The Commission also presented Eritrea’s reservations and actions in that time period.

John Bolton, U.S. Ambassador to the United Nations also addressed the issue of Ethiopia’s non-compliance. Speaking to the Press corps on 14 December 2005, about the regime’s latest gimmick, the 5-Point Peace Plan (5PPP), Bolton also hit the nail right on the head when it came to the US-led international community and its acquiescence of Ethiopia’s continued belligerence. Bolton said:

“…one reason we’re in this dilemma is that the government of Ethiopia has never complied with its obligations under the 2000 agreement and the 2002 border demarcation…the Council’s unwillingness or inability to confront Ethiopia’s three-year long refusal to adhere to the very agreement it made in 2000…”

The US-led international community and specifically the guarantors and witnesses of the Algiers Agreements could have acted in accordance with Article 14 of the Cessation of Hostilities Agreement adapted and endorsed by the United Nations Security Council which clearly stated the following:

“….the OAU and the UN commit themselves to guarantee the respect for this commitment of the parties. This guarantee shall be comprised of measures to be taken by the international community should one or both parties violate this commitment, including appropriate measures to be taken under Chapter 7 of the Charter of the United Nations by the Security Council…”

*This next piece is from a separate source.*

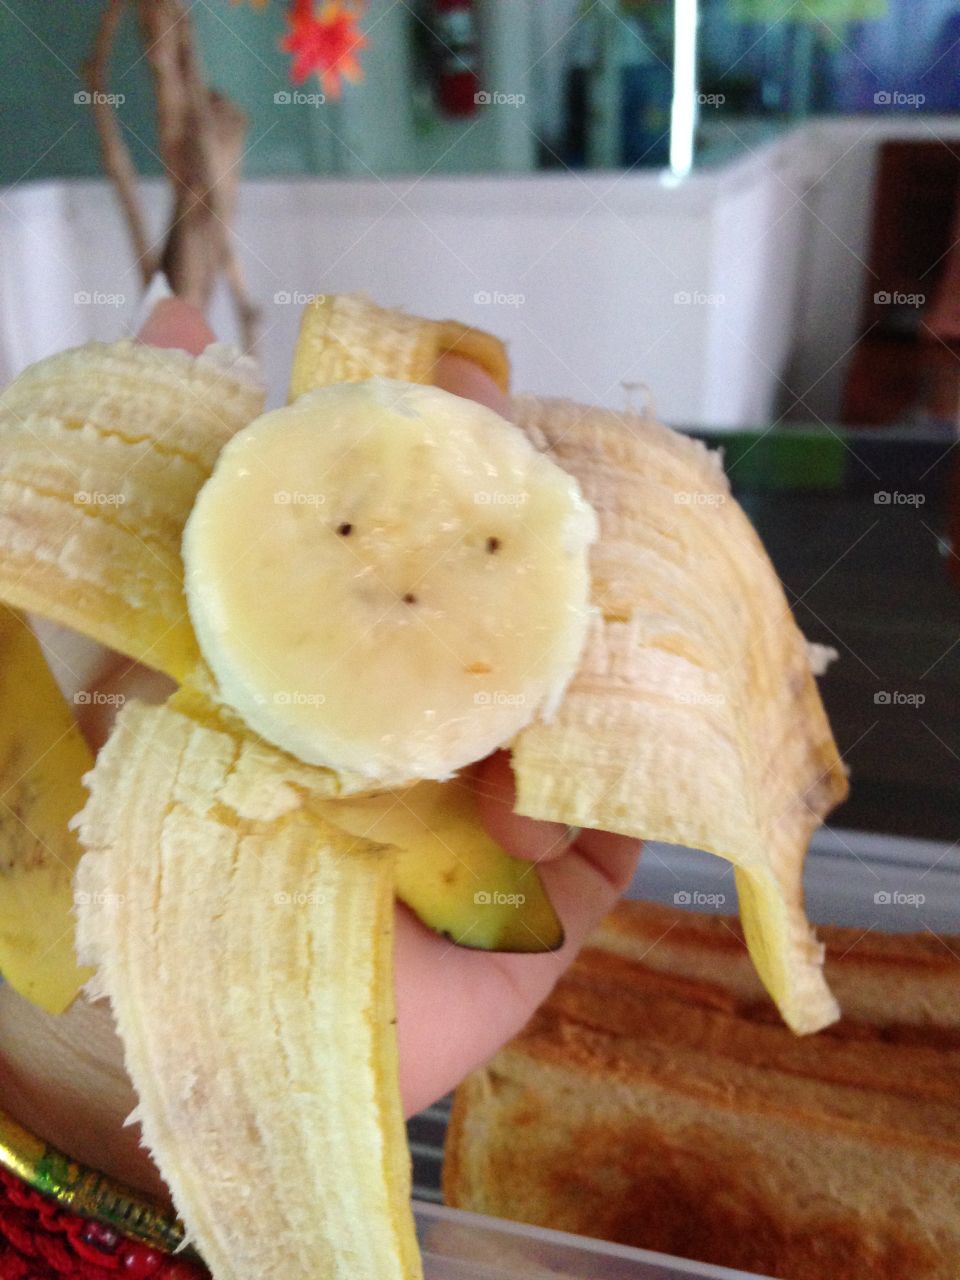 My banana in the morning

They chose instead to appease the minority regime in Ethiopia using various ploys and gimmicks.

From appointing a Lloyd Axworthy as Special Envoy, to re-open negotiations on the border, to appointing General Fulford as a facilitator to adjust the map by one mile (so that Badme could become within Ethiopian territory), to advising Ethiopia to accept in “principle” the EEBC ruling that it initially rejected and call for “dialogue”, to presumably give Ethiopia the “moral high ground”, to diverting attention away from the border issue by orchestrating an elaborate vilification and defamation campaign against the Government and people of Eritrea, to the illegal unfair and unjust US Ethiopia engineered sanctions of 2009 and 2010. The last 12-years have seen a gradual erosion of international law and the credibility of the US and its allies to serve as honest brokers for peace in the Horn region.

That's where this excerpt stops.